Exercise requirements | In the data below, set down exactly the lines from the one containing "Halo Ring from" up to and including the one containing "Crown with Silver". Leave the pictures out.

Data provided |
########

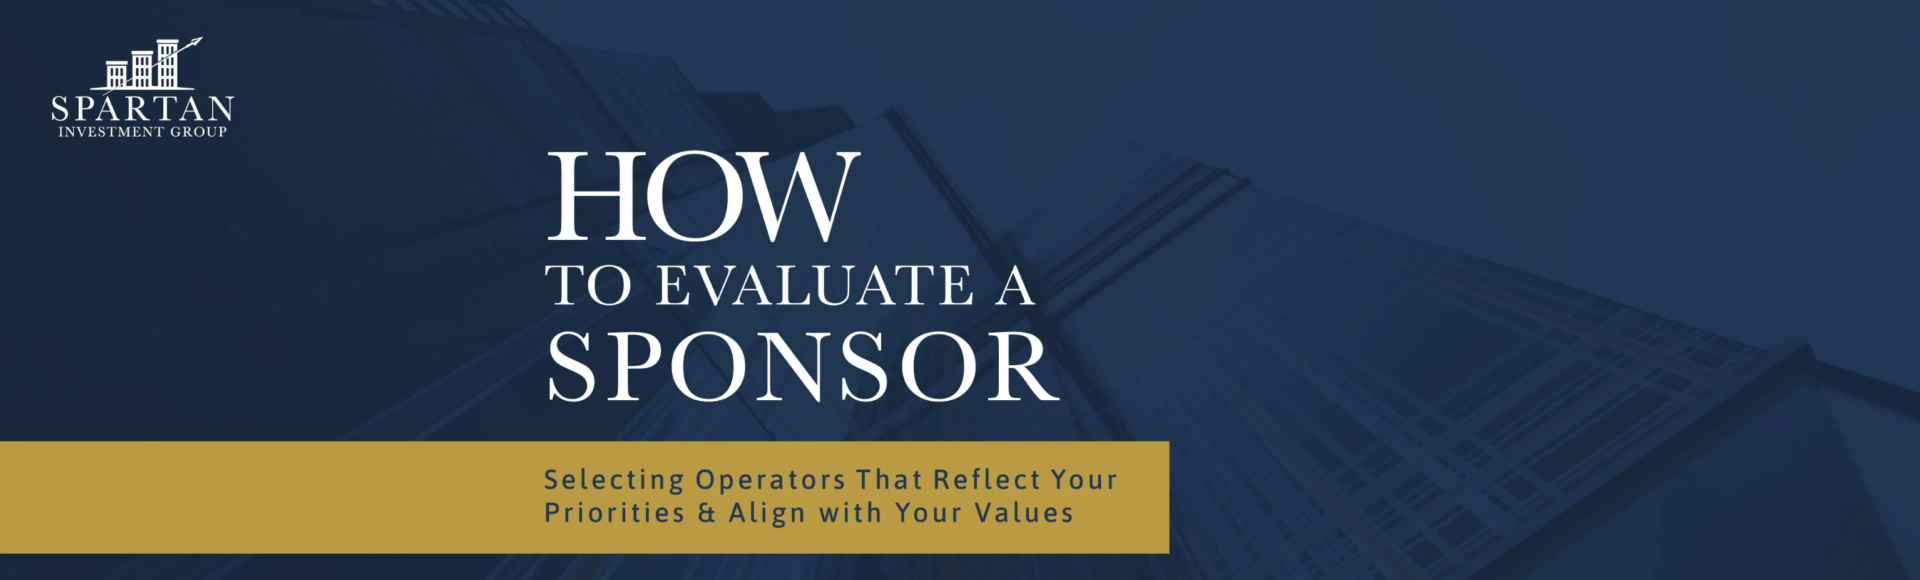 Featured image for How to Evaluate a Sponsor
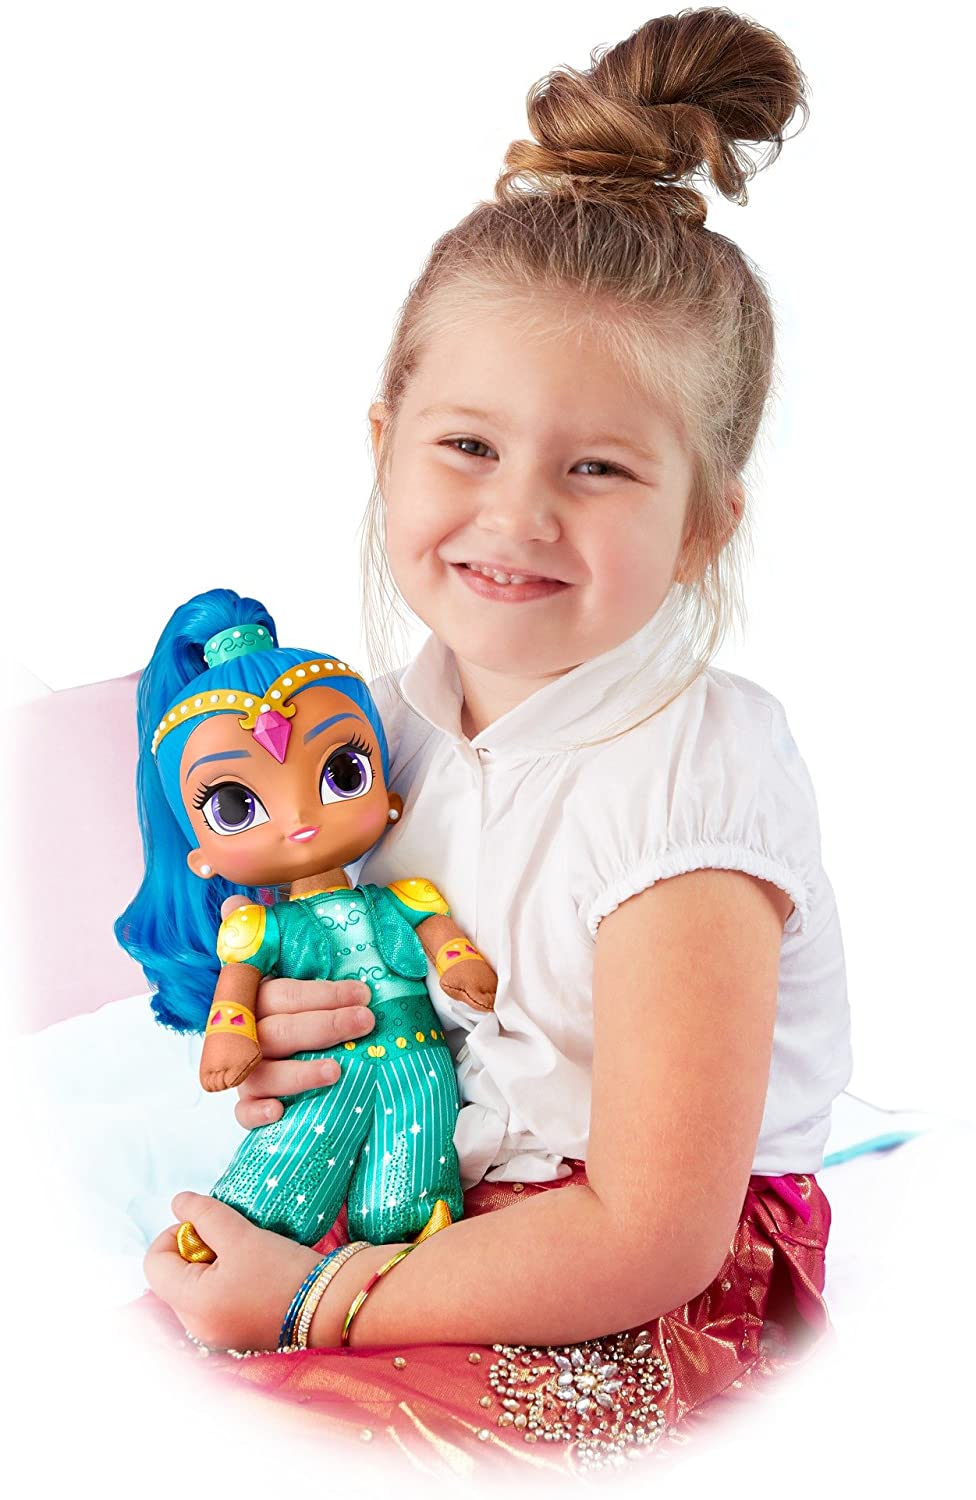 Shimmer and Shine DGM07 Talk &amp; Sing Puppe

########

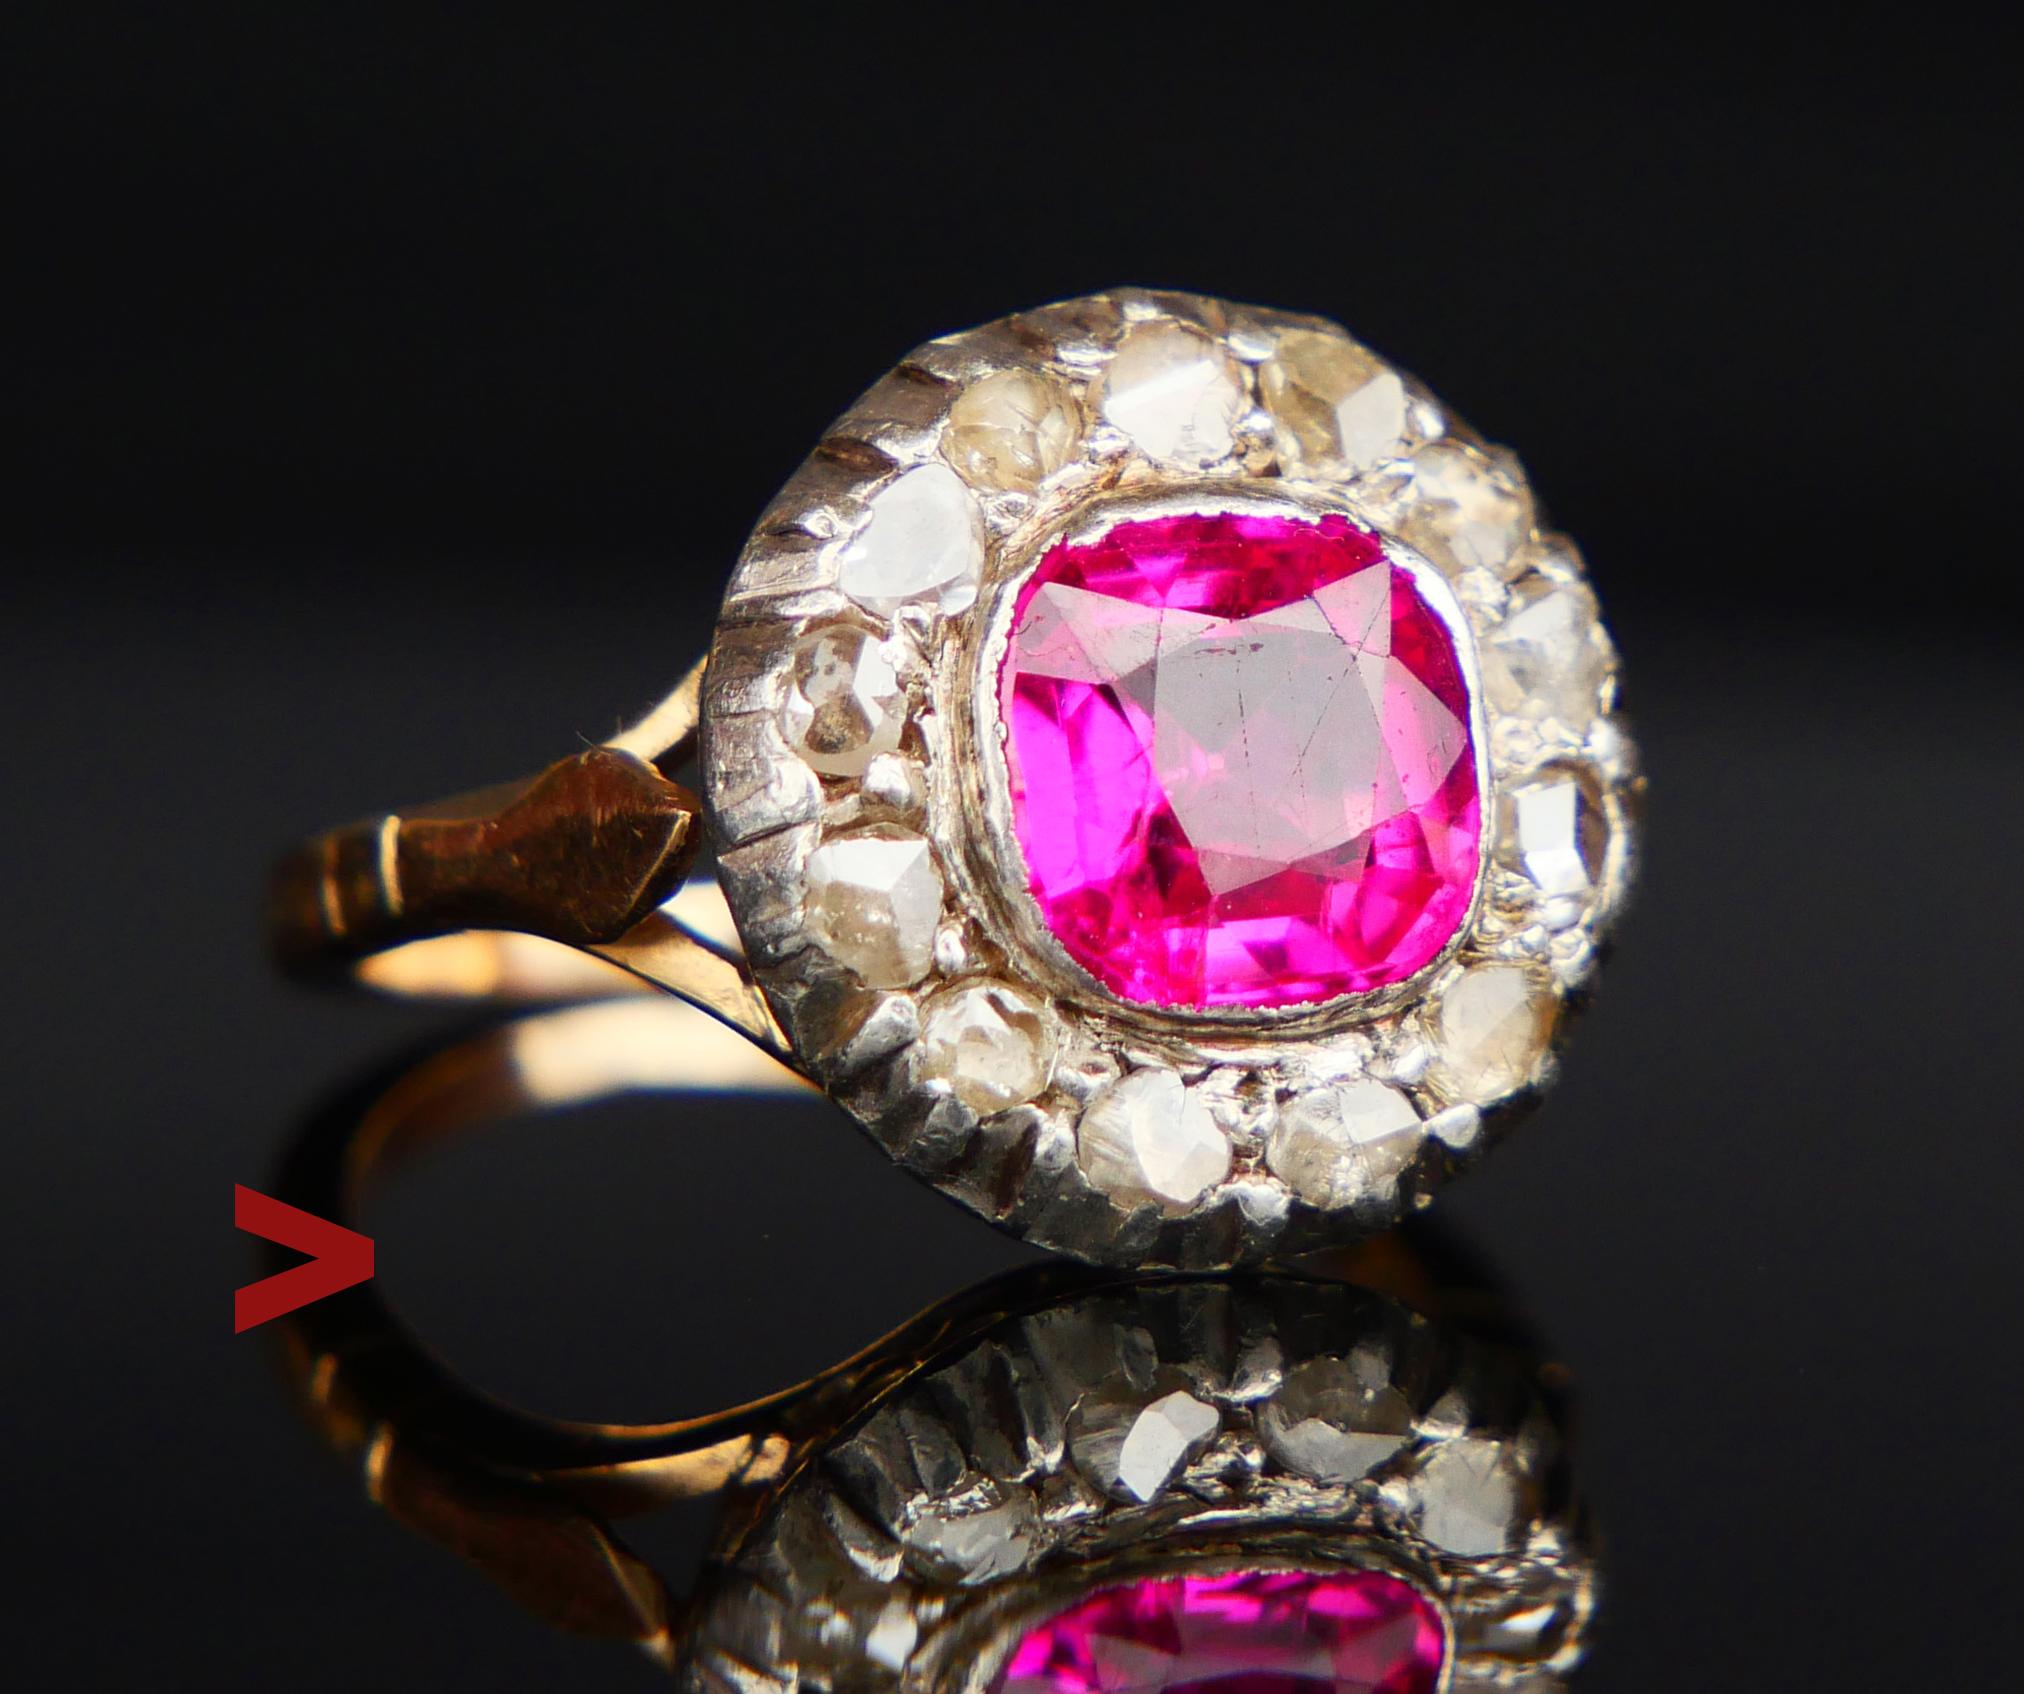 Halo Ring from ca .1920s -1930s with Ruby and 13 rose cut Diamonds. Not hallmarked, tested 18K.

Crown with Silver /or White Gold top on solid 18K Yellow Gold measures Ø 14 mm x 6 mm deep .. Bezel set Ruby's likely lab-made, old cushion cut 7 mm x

########

Solution to the exercise |
 Halo Ring from ca .1920s -1930s with Ruby and 13 rose cut Diamonds. Not hallmarked, tested 18K.

Crown with Silver /or White Gold top on solid 18K Yellow Gold measures Ø 14 mm x 6 mm deep .. Bezel set Ruby's likely lab-made, old cushion cut 7 mm x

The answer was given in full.